Adriana Wattel est convaincue de la mission de Diaphane. « Nous participons à la construction d’un patrimoine photographique en faisant travailler des artistes sur le territoire, nous apportons des expositions de qualité notamment en milieu rural (notre cheval de bataille). Nous cherchons à donner des clefs de lecture d’images, pour mieux comprendre le monde dans lequel nous vivons. » La reconnaissance des institutions publiques a couronné des années d’acharnement « pour montrer qu’on existe ». L’association compte aujourd’hui quatre salarié.es. «Mais dans l’idéal, souligne Adriana Wattel, il faudrait que l’on soit six ou sept pour mener à bien tous nos projets. Rien n’est jamais acquis. Il faut continuer à se démener sans cesse. » Résultat : « En ce moment, je suis davantage co-directrice de Diaphane que photographe ! On se laisse prendre par l’émulation. » Même si elle aspirerait à « retrouver un autre rythme », Adriana Wattel trouve un avantage à sa modeste sécurité financière de salariée : « Je ne fais en photo que ce que j’ai envie de faire. »
Une aventure humaine
La co-direction l’a placée dans des situations qu’elle n’avait pas envisagées. Celle d’employeure, notamment. « La relation de subordination est incontournable. On se blinde pour être carré, dissiper le flou, ne rien laisser traîner. » Même si elle avoue qu’elle « s’en passerait bien », loin de fuir les difficultés, Adriana Wattel trouve dans les relations humaines au travail matière à enrichir sa réflexion.

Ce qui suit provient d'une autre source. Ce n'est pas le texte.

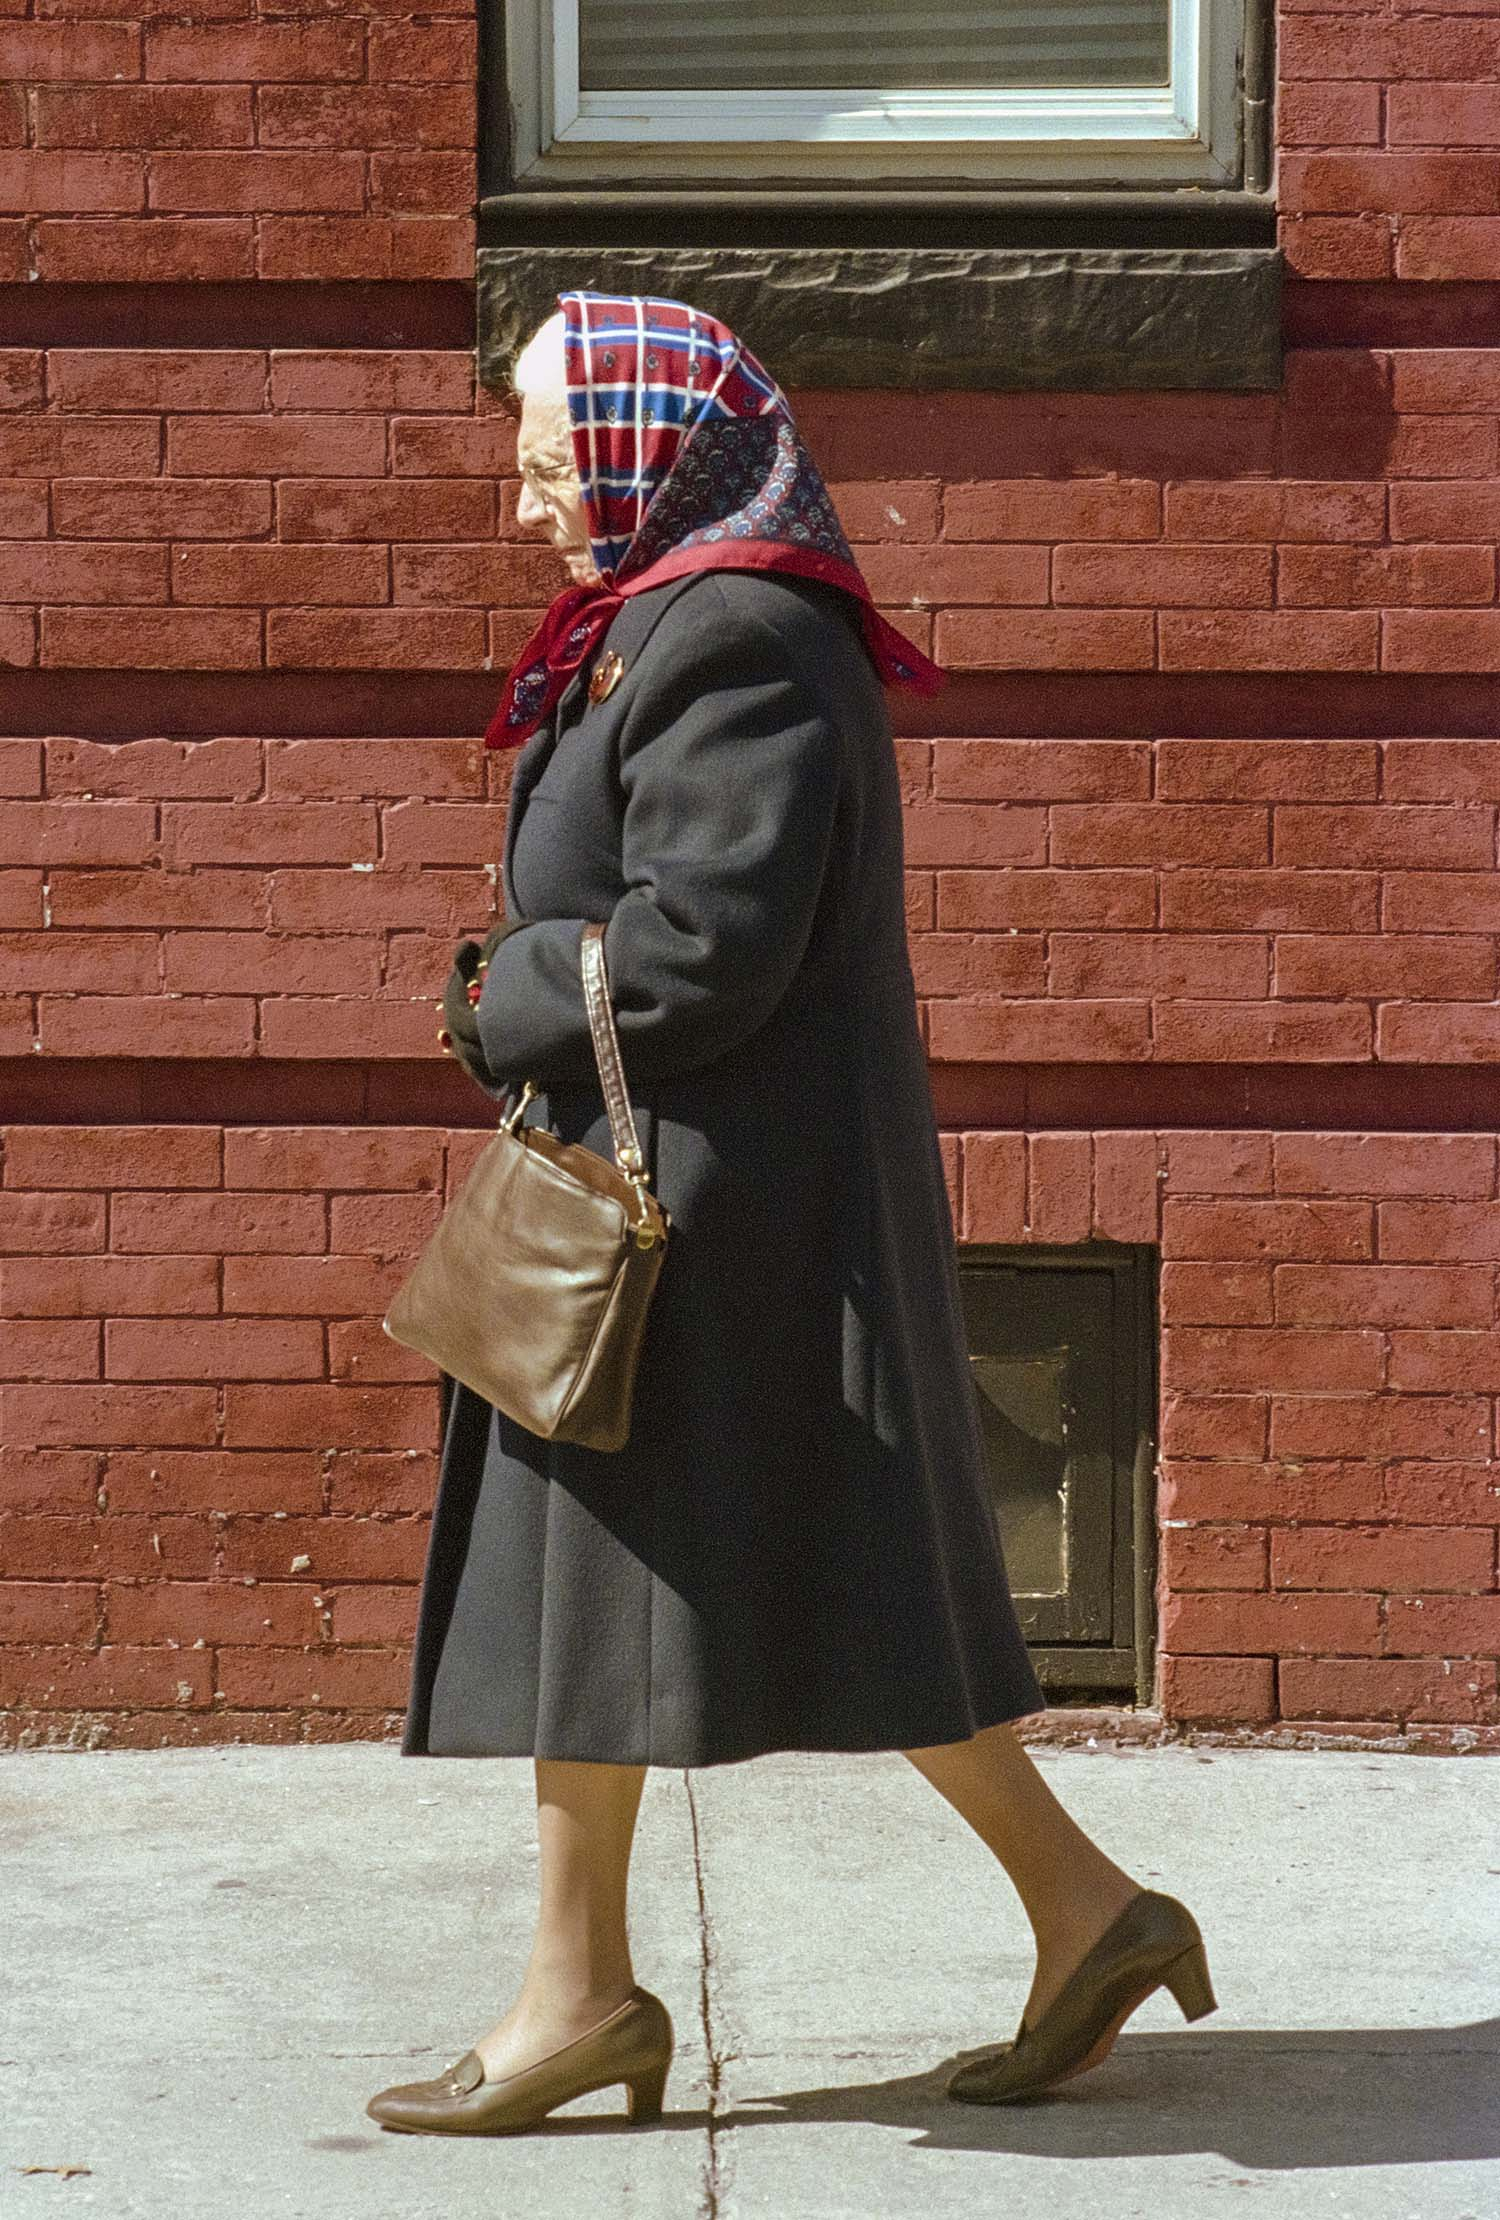 Maria Sofia, Heading Home After Mass

Celles avec son partenaire Fred Boucher, non dénuées de tensions bien que très amicales, l’amènent à s’interroger sur son propre comportement. Comment faire pour qu’une co-direction mixte reste équitable ? Les regards extérieurs ne facilitent pas la tâche : « Je suis sans cesse confrontée à ce que les gens considèrent Fred comme le patron. C’est insupportable ! » Mais Adriana Wattel s’accuse de « ne pas savoir taper du poing sur la table. » Elle s’avoue plus encline à délaisser ses propres travaux au profit de l’association. « Je ne peux pas m’en empêcher. J’accepte et après, je m’en veux à moi-même et j’en veux à la terre entière ! »
Pas question toutefois de laisser s’effilocher la situation : la continuation de Diaphane en dépend. Adriana Wattel et Fred Boucher ont opté pour un accompagnement par la BGE Picardie (« Boutiques de gestion » qui proposent un appui aux entrepreneur.es). Au programme : analyse du fonctionnement interne et recherche de solutions. Adriana Wattel souhaite ardemment poursuivre l’aventure, et espère y réactiver des joies un peu ternies à force d’être « toujours aux taquets », comme « le côté jubilatoire des rencontres avec les photographes ». Pour elle-même, elle vise un but bien légitime, « atteindre une forme de sérénité ».